Di sinilah, , bahwa agama telah menjadi hasil kebudayaan


manusia. Berbagai tingkah laku keagamaan, masih menurut ahli
antropogi,bukanlah diatur oleh ayat- ayat dari kitab suci, melainkan
oleh interpretasi mereka terhadap ayat-ayat suci tersebut.

Dari keterangan di atas, dapat disimpulkan bahwa para ahli


kebudayaan mempunyai pendapat yang berbeda di dalam
memandang hubungan antara agama dan kebudayaan. Kelompok
pertama menganggap bahwa Agama merupakan sumber kebudayaaan
atau dengan kata lain bahwa kebudayaan merupakan bentuk nyata
dari agama itu sendiri. Pendapat ini diwakili oleh Hegel. Kelompok
kedua, yang di wakili oleh Pater Jan Bakker, menganggap bahwa
kebudayaan tidak ada hubungannya sama sekali dengan agama. Dan
kelompok ketiga, yeng menganggap bahwa agama merupakan bagian
dari kebudayaan itu sendiri.

Untuk melihat manusia dan kebudayaannya, Islam tidaklah


memandangnya dari satu sisi saja. Islam memandang bahwa manusia
mempunyai dua unsur penting, yaitu unsur tanah dan unsur ruh yang
ditiupkan Allah kedalam tubuhnya. Ini sangat terlihat jelas di dalam
firman Allah Qs As Sajdah 7-9 : “ ( Allah)-lah Yang memulai penciptaan
manusia dari tanah, kemudian Dia menciptakan keturunannya dari
saripati air yan hina ( air mani ). Kemudian Dia menyempurnakan dan
meniupkan ke dalam ( tubuh )-nya roh ( ciptaan)-Nya “

Selain menciptakan manusia, Allah swt juga menciptakan


makhluk yang bernama Malaikat, yang hanya mampu mengerjakan
perbuatan baik saja, karena diciptakan dari unsur cahaya. Dan juga
menciptakan Syetan atau Iblis yang hanya bisa berbuat jahat , karena
diciptkan dari api. Sedangkan manusia, sebagaimana tersebut di atas,
merupakan gabungan dari unsur dua makhluk tersebut.

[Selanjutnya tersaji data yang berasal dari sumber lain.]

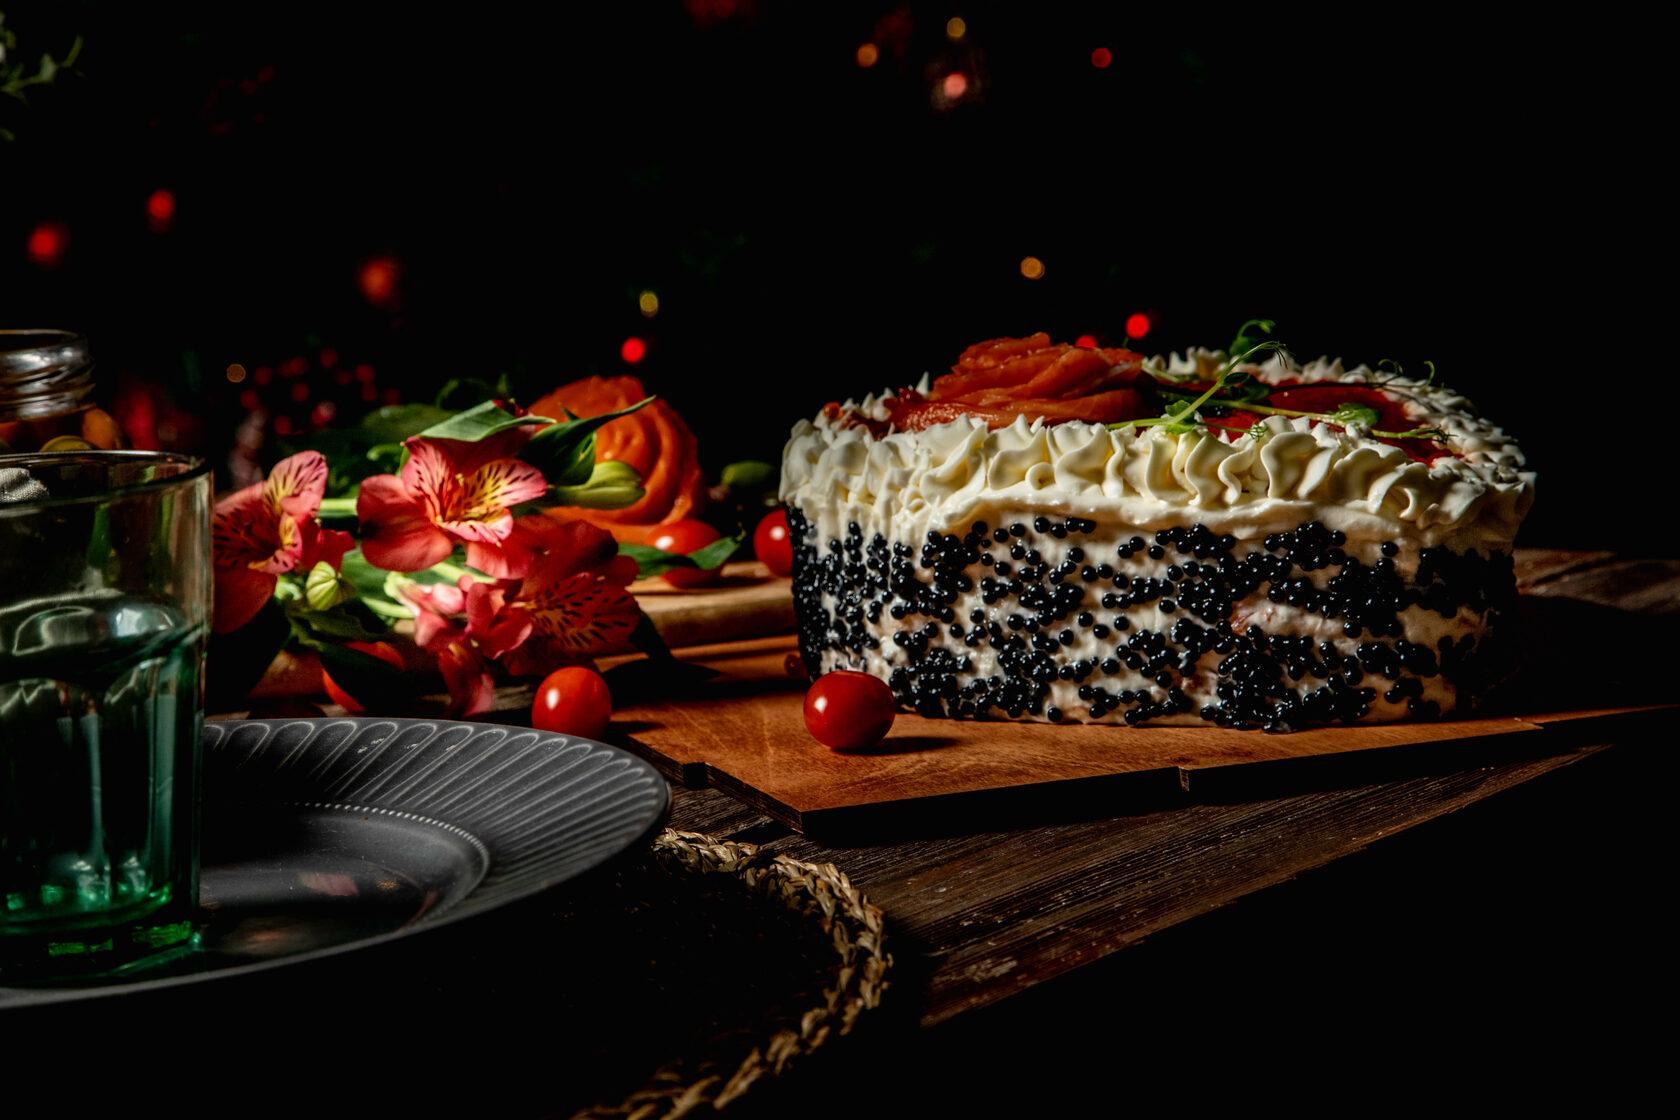 торт на 8 марта, торт для девушки, торт для женщины, торт для мамы, торт маме на 8 марта, торт для жены, торт жене на 8 марта, торт для любовницы
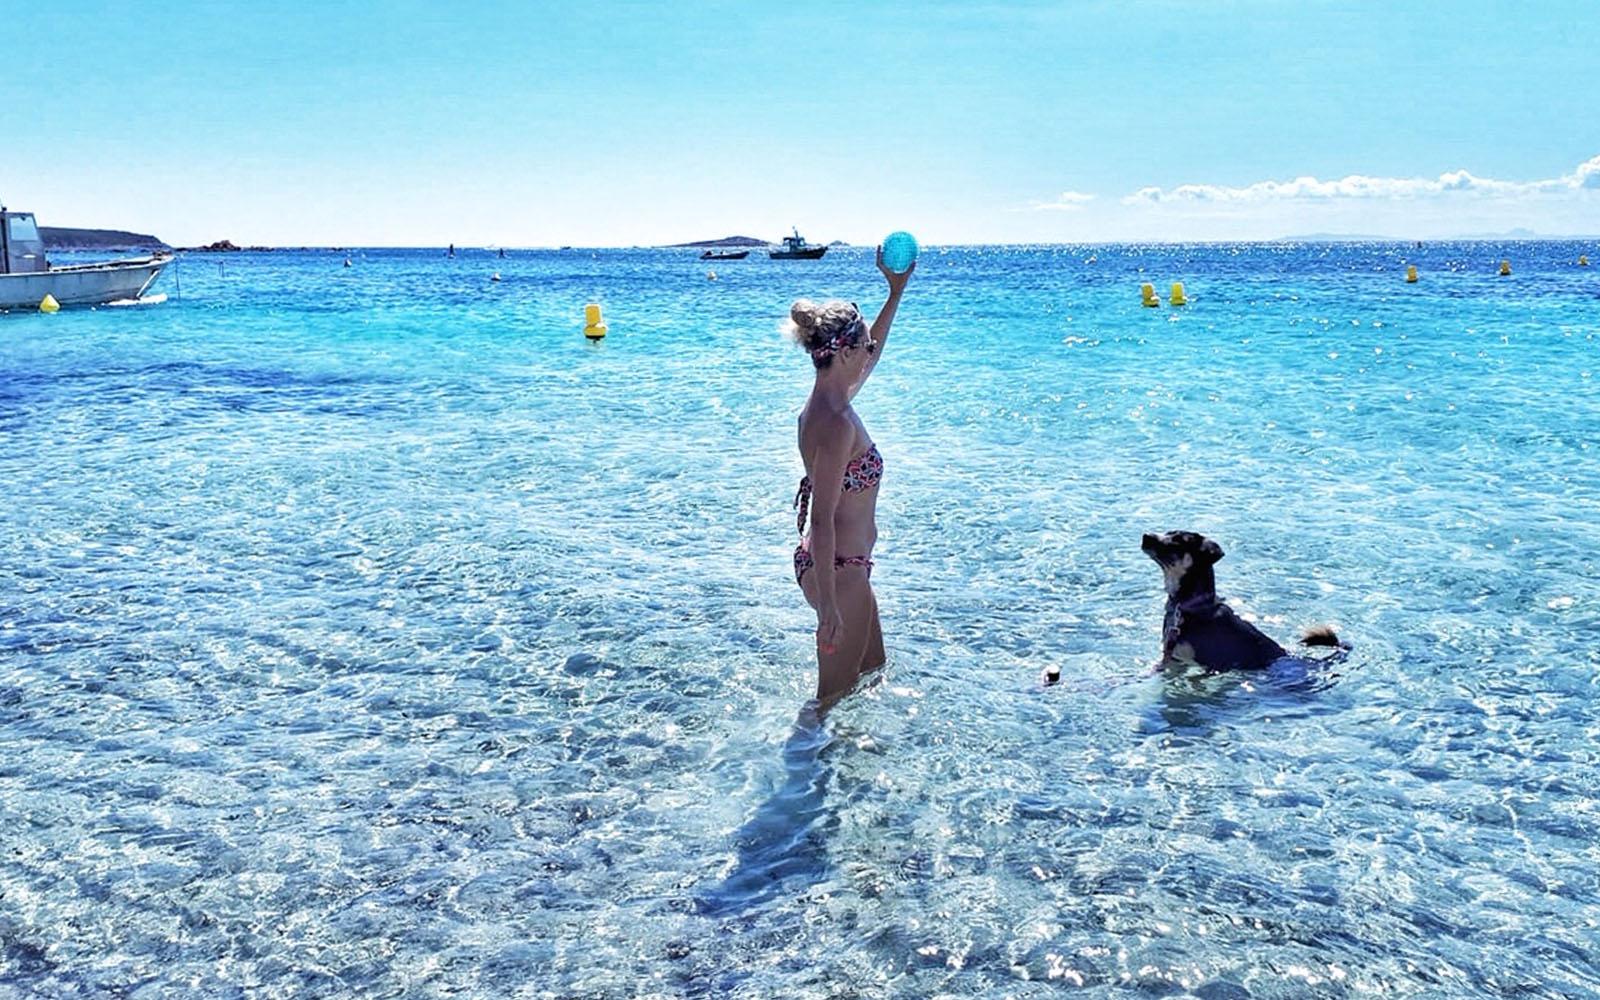 Il mio cane Pastis ed io nella spiaggia Palombaggia, in Corsica. © oltreilbalcone

Dalam suatu hadits disebutkan bahwa manusia ini mempunyai


dua pembisik ; pembisik dari malaikat , sebagi aplikasi dari unsur ruh
yang ditiupkan Allah, dan pembisik dari syetan, sebagai aplikasi dari
unsur tanah. Kedua unsur yang terdapat dalam tubuh manusia
tersebut, saling bertentangan dan tarik menarik. Ketika manusia
melakukan kebajikan dan perbuatan baik, maka unsur malaikatlah
yang menang, sebaliknya ketika manusia berbuat asusila, bermaksiat
dan membuat kerusakan di muka bumi ini, maka unsur syetanlah yang
menang. Oleh karena itu, selain memberikan bekal, kemauan dan
kemampuan yang berupa pendengaran, penglihatan dan hati, Allah
juga memberikan petunjuk dan pedoman, agar manusia mampu
menggunakan kenikmatan tersebut untuk beribadat dan berbuat baik
di muka bumi ini.

Allah telah memberikan kepada manusia sebuah kemampuan


dan kebebasan untuk berkarya, berpikir dan menciptakan suatu
kebudayaan. Di sini, Islam mengakui bahwa budaya merupakan hasil
karya manusia. Sedang agama adalah pemberian Allah untuk
kemaslahatan manusia itu sendiri. Yaitu suatu pemberian Allah kepada
manusia untuk mengarahkan dan membimbing karya-karya manusia
agar bermanfaat, berkemajuan, mempunyai nilai positif dan
mengangkat harkat manusia. Islam mengajarkan kepada umatnya
untuk selalu beramal dan berkarya, untuk selalu menggunakan pikiran
yang diberikan Allah untuk mengolah alam dunia ini menjadi sesuatu
yang bermanfaat bagi kepentingan manusia. Dengan demikian, Islam
telah berperan sebagai pendorong manusia untuk “ berbudaya “. Dan
dalam satu waktu Islamlah yang meletakkan kaidah, norma dan
pedoman. Sampai disini, mungkin bisa dikatakan bahwa kebudayaan
itu sendiri, berasal dari agama. Teori seperti ini, nampaknya lebih
dekat dengan apa yang dinyatakan Hegel di atas.